Героиня Петрушевской — продукт социалистического общества, который складывается из выполнения домашних обязанностей и функции деторождения, выполняемой на уровне инстинкта. Эта женщина — неудачница по определению, живущая в отсутствии внешней и внутренней гармонии, в системе запретов, лишений и предписаний. Статус поэтессы у главной героини свидетельствует о том, что духовная жизнь женщины становится объектом презрения, угроз даже со стороны близких людей, которые по определению должны служить поддержкой. Потеря женщиной собственной самости и творческих сил становится основой ее агрессии, желания получить хотя бы какие-то излишества, она становится согласной на любые, даже опасные для жизни, предложения. Вереница таких дезориентированных, загнанных в ловушку женщин представлена у Петрушевской во множестве.
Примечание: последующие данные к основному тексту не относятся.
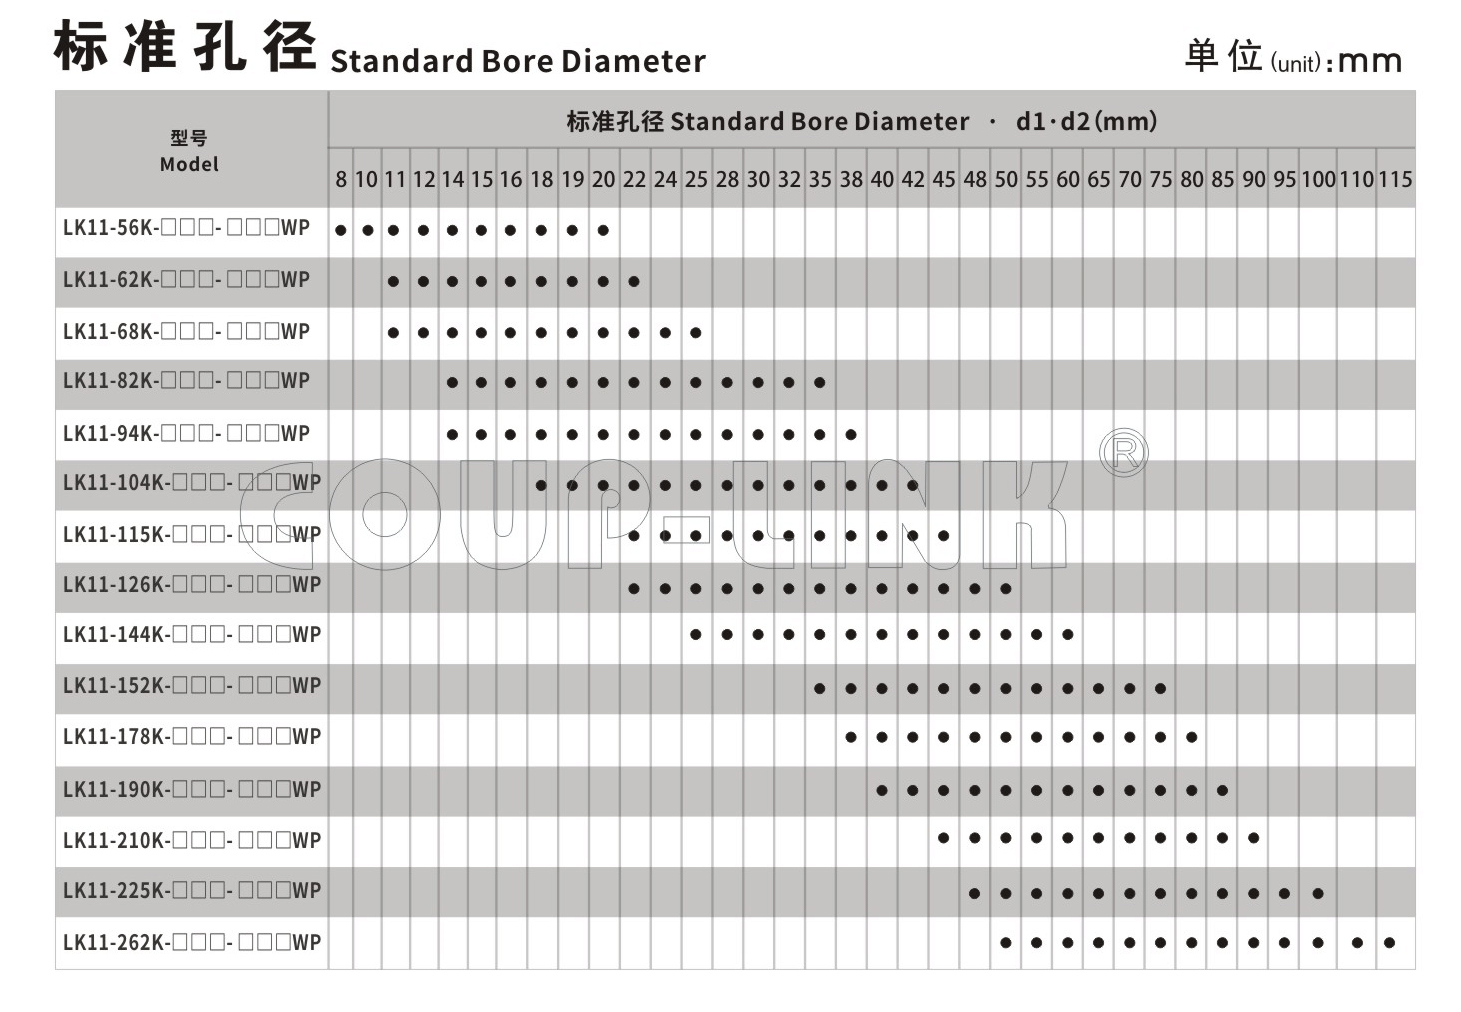 LK11系列 多节键槽联接膜片联轴器_联轴器种类-广州菱科自动化设备有限公司

Если статус женственности в обществе влияет на характер мужественности и, следовательно, на тип героя-мужчины, то закрепление в национальной культуре данного образа униженной женщины и его воспроизводство могут быть разрушительны для общества в целом.
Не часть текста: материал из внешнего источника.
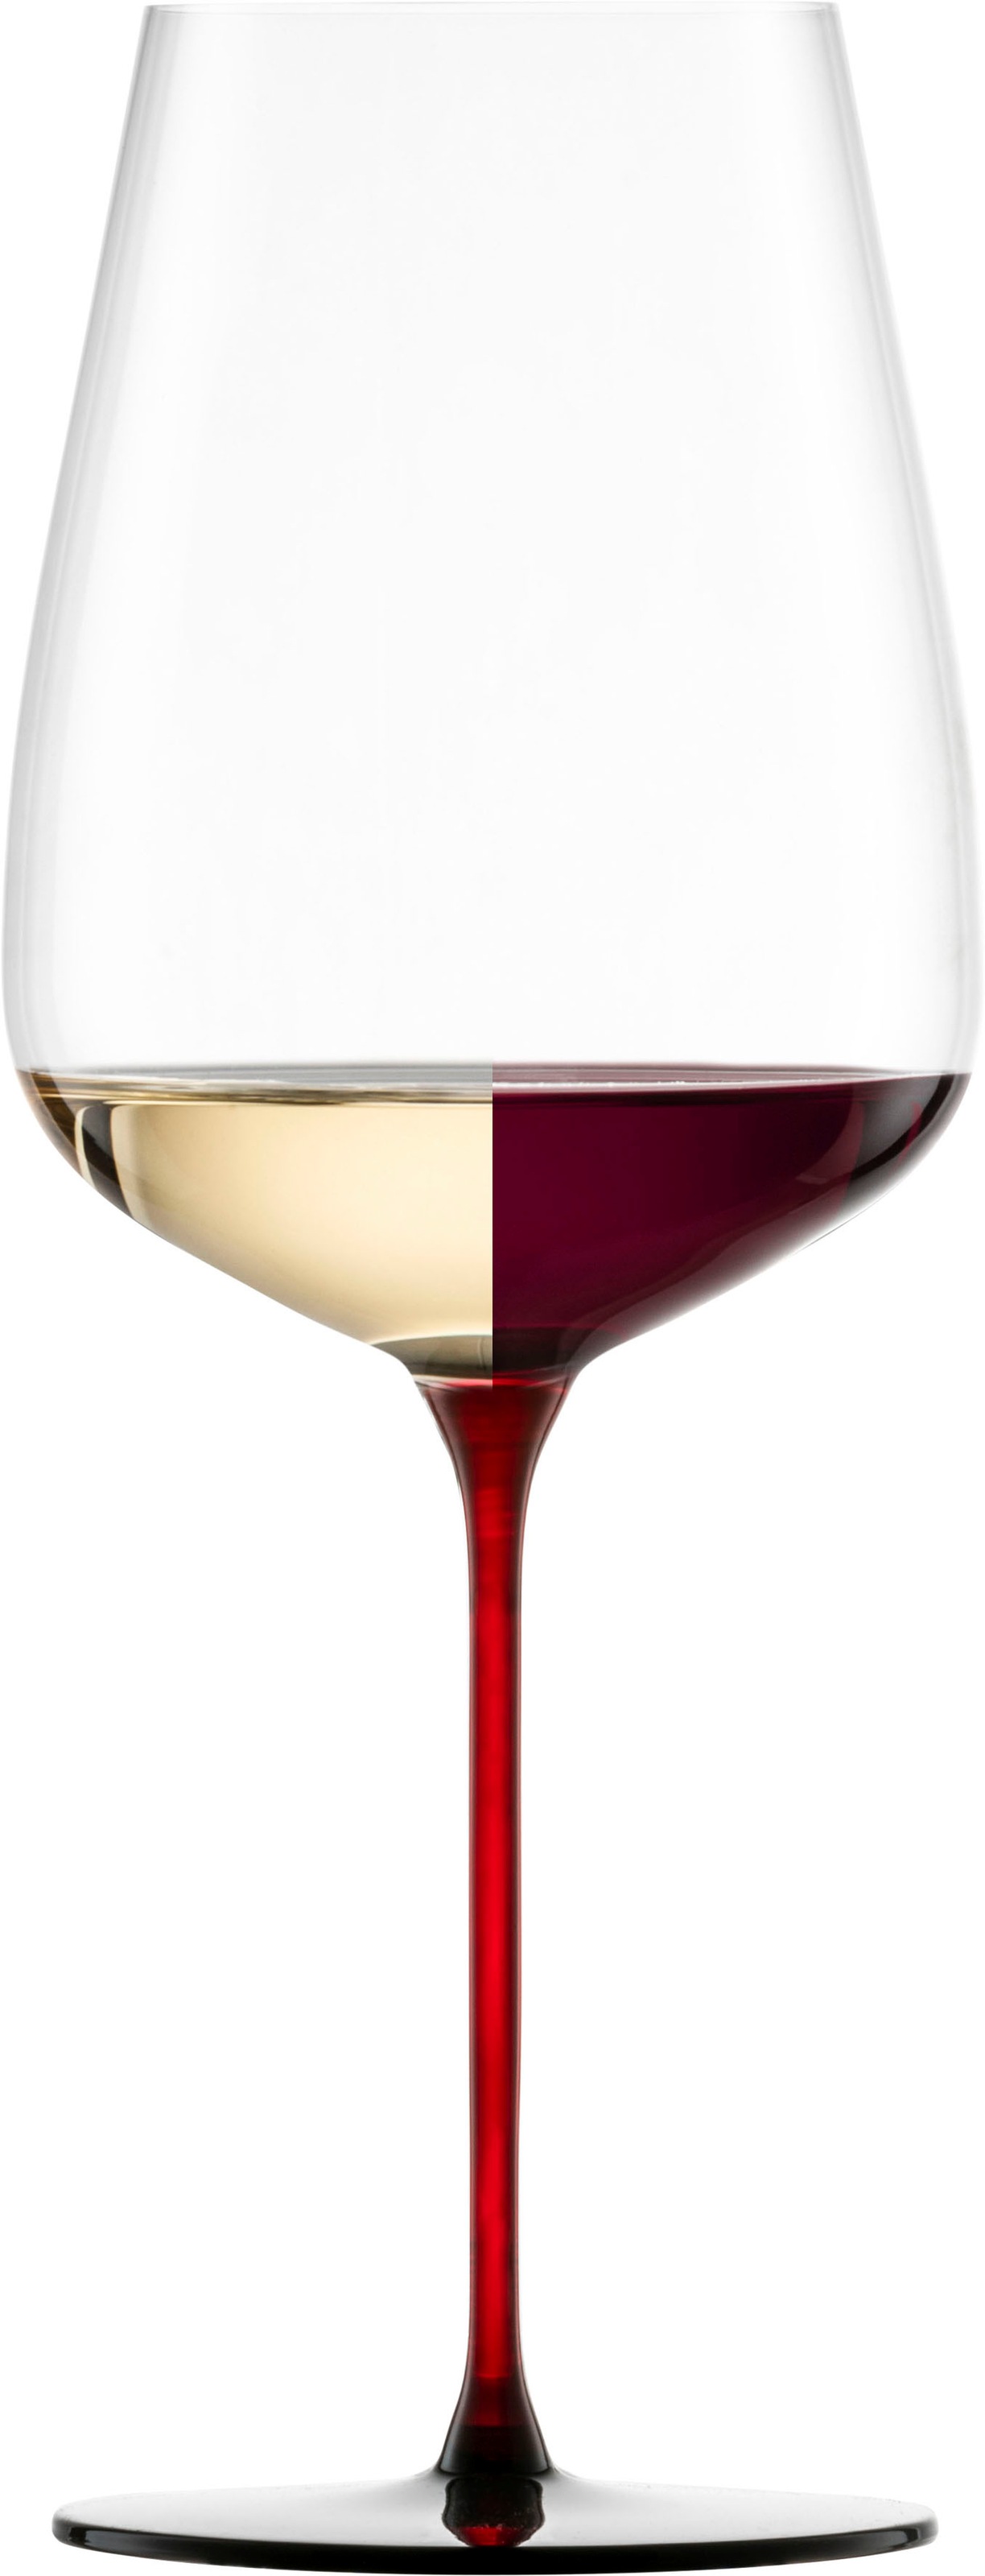 Eisch Weinglas »RED SENSISPLUS«, (Set, 2 tlg., 2 Gläser im Geschenkkarton), 740 ml, Handarbeit, 2-teilig, Made in Germany

Впоследствии на этот тип женщины наложились такие качества, как самостоятельность и стремление к независимости. Изучение эволюции героинь в современной литературе, написанной женщинами, может быть продуктивным путем для понимания многих современных реалий. Очевидно, что к внешним условиям существования героини может быть прибавлен культ денег, и от выражения крайней нищеты фокус перемещается на «светских львиц». Однако перемещение из бедности в богатство не становится залогом духовного возрождения и восстановления женской самости и силы, истинно женского начала.
Можно предположить, что героини Петрушевской — женщины, неспособные взять на себя духовную миссию — становятся показателем невозможности преодоления кризиса современных человеческих отношений.
Вышесказанное является введением в проблему и попыткой обозначить проблему женской субъективности в русской постмодернистской литературе. Роман Петрушевской — пример гендерного письма (существование женских стратегий письма в феминистской критике — факт общепризнанный). Художественная проза Петрушевской нуждается в глубоком функциональном анализе. Особенно интересным представляется исследование синтаксического строя с гендерной точки зрения, так как синтаксис является важным уровнем организации речи и структурирует мысль. Кроме того, синтаксический уровень — это один из уровней организации ритмической структуры текста. Продуктивным в области исследования стратегий женского письма будет сопоставительное исследование синтаксического уровня похожих по методу и жанру произведений отечественных и зарубежных авторов-женщин, а также выработка принципов подобного анализа.
Список литературы
- Волков, С. Диалоги с Иосифом Бродским / С. Волков. М. : Независимая газета, 1998.
- Петрушевская, Л. Дом девушек [Электронный ресурс] / Л. С. Петрушевская. М. : Вагриус, 1999. 46 с. Режим доступа : ссылка скрыта
- Секацкий, А. К. Духовные и чувственные измерения имперской идеи / А. К. Секацкий // Россия и современный мир: проблемы политического развития : в 2 ч. Ч. 1 : матер. II Междунар. межвуз. науч. конф. / под ред. Д. В. Васильева, Г. П. Иващук. М. : Институт бизнеса и политики, 2006.
- Славникова, О. Петрушевская и пустота / О. Славникова // Вопросы литературы. № 2. 2000.
- Эстесс, К. П. Бегущая с волками. Женский архетип в мифах и сказаниях / К. П. Эстесс. М. : Издательский дом «София», 2006.